I have a nice beef brisket that I want to smoke with mesquite wood. I have not used this yet and dont want to ruin the meat. The brisket is approximatley 9 pounds. I have a masterbuilt electric smoker which is perfect for me. My question is how long should I actually use the wood chips in the smoking process. I plan on smoking for 10 hours at 225.

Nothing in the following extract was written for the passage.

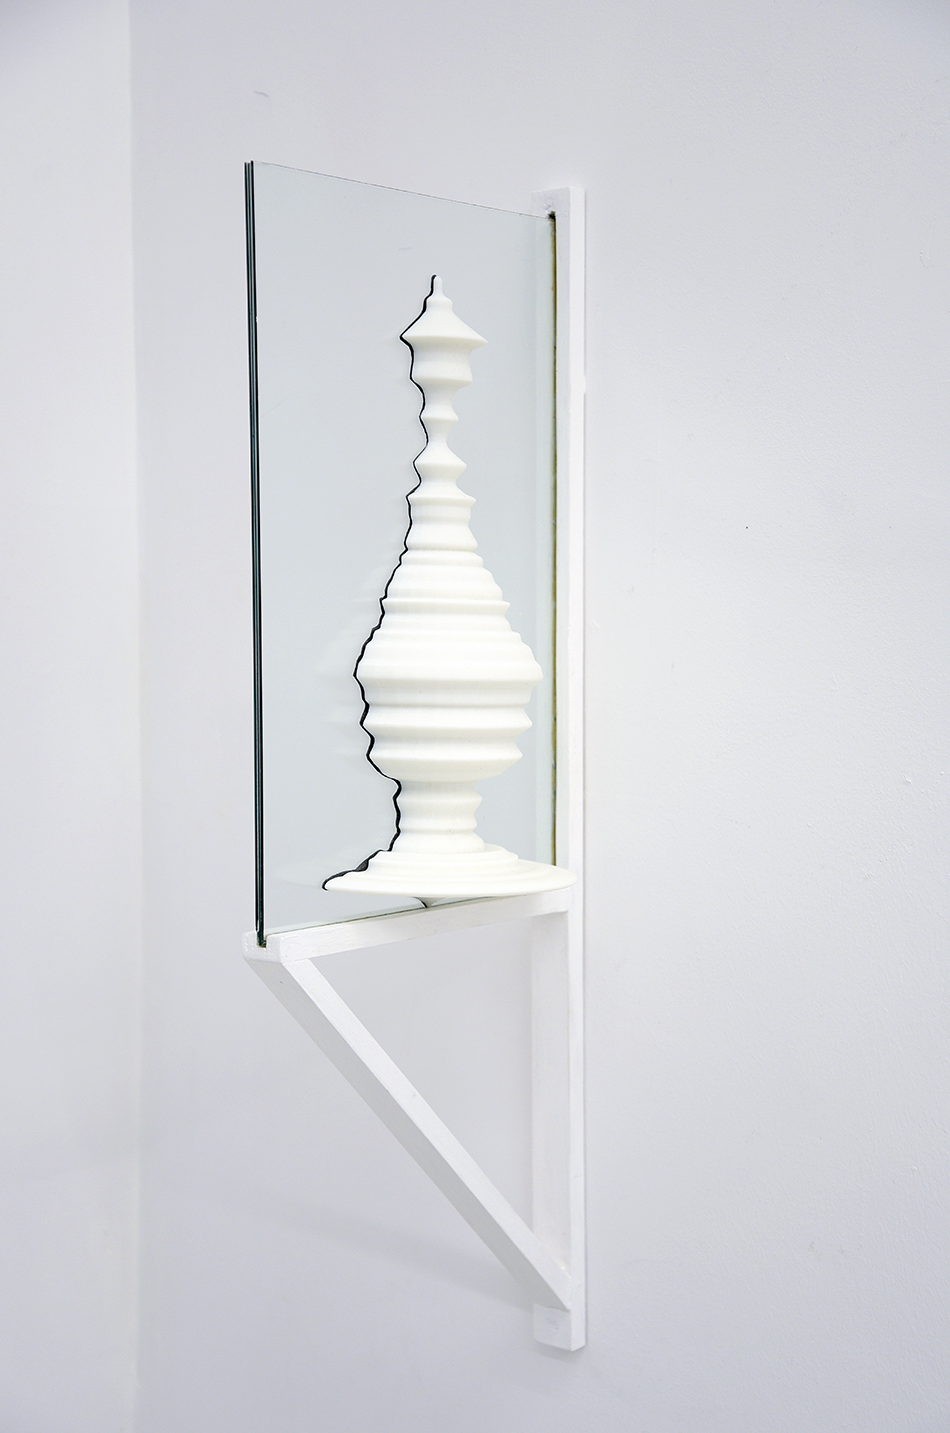 'La part inaliénable', impression 3D, verre, papier charbon, support en bois, 2018.

Any suggestions would be appreciated.

Thanks

I will also be using the meat thermometer that Mossy recommended.


----------



## 9manfan (Oct 22, 2008)

If your going to foil the brisket at about 160 degrees, then you would only smoke to that point, seems there is no certain way to do it, everybody has there own way, alot of guys foil the brisket at around 160 to keep it really moist and then cook it up to 180-205 depending how you like it, sliced or pulled,,,,, I would check out smokingmeatforums.com, or smoked-meat.com,, they will help you out alot,,Mossy steared me in that direction, I too have a MES smoker and the forum's really helped get me going,,,Good Luck


----------



## jacobsol80 (Aug 12, 2008)

I think the answer is however long you want to use smoke. Obviously the longer you put wood chips in the smoker, the stronger the flavor. I would suggest erring on the side of caution. Perhaps 2 or 3 hours then wrap in foil and finish to the desired temperature. I have used mesquite a time or two. The flavor is definitely stronger than apple or maple. Probably comparable to hickory but a little different flavor. Everyone's taste is different so unfortunately you will have to experiment a little. I think mesquite is an excellent choice for a large piece of meat such as a brisket. Not so good for more delicate things like fish. Anyway, experimenting with different woods and smoke times is part of the fun. You may also want to try mixing woods, it adds another layer of flavor to the final product. For most of my meats like pork, turkey, and beef, I use apple for a couple of hours followed by hickory for an hours or so. Try to avoid using wood chips with the bark mixed in if possible.


----------



## specialpatrolgroup (Jan 16, 2009)

Meat will only asorb smoke for about the first 20 minutes, after that it will still add flavor to the outside, I normally smoke heavy for 20 minutes, then let the smoke die off. Mesquete is pretty strong, some people love it, others hate it. I prefer hickory, or oak. I normally cookd brisket\butts at 250, and figure about 2 hours per pound, but check in 3-4 hours before it is suposed to be done, 180-200 is the rule of thumb, I like getting closer to 200, as a lot of connective tissue doesnt break down until you get close to 200. Once you hit 160-170 you will probably platou, as in the temp will just sit there for a long time before rising, this is normal. Hope this helps.


----------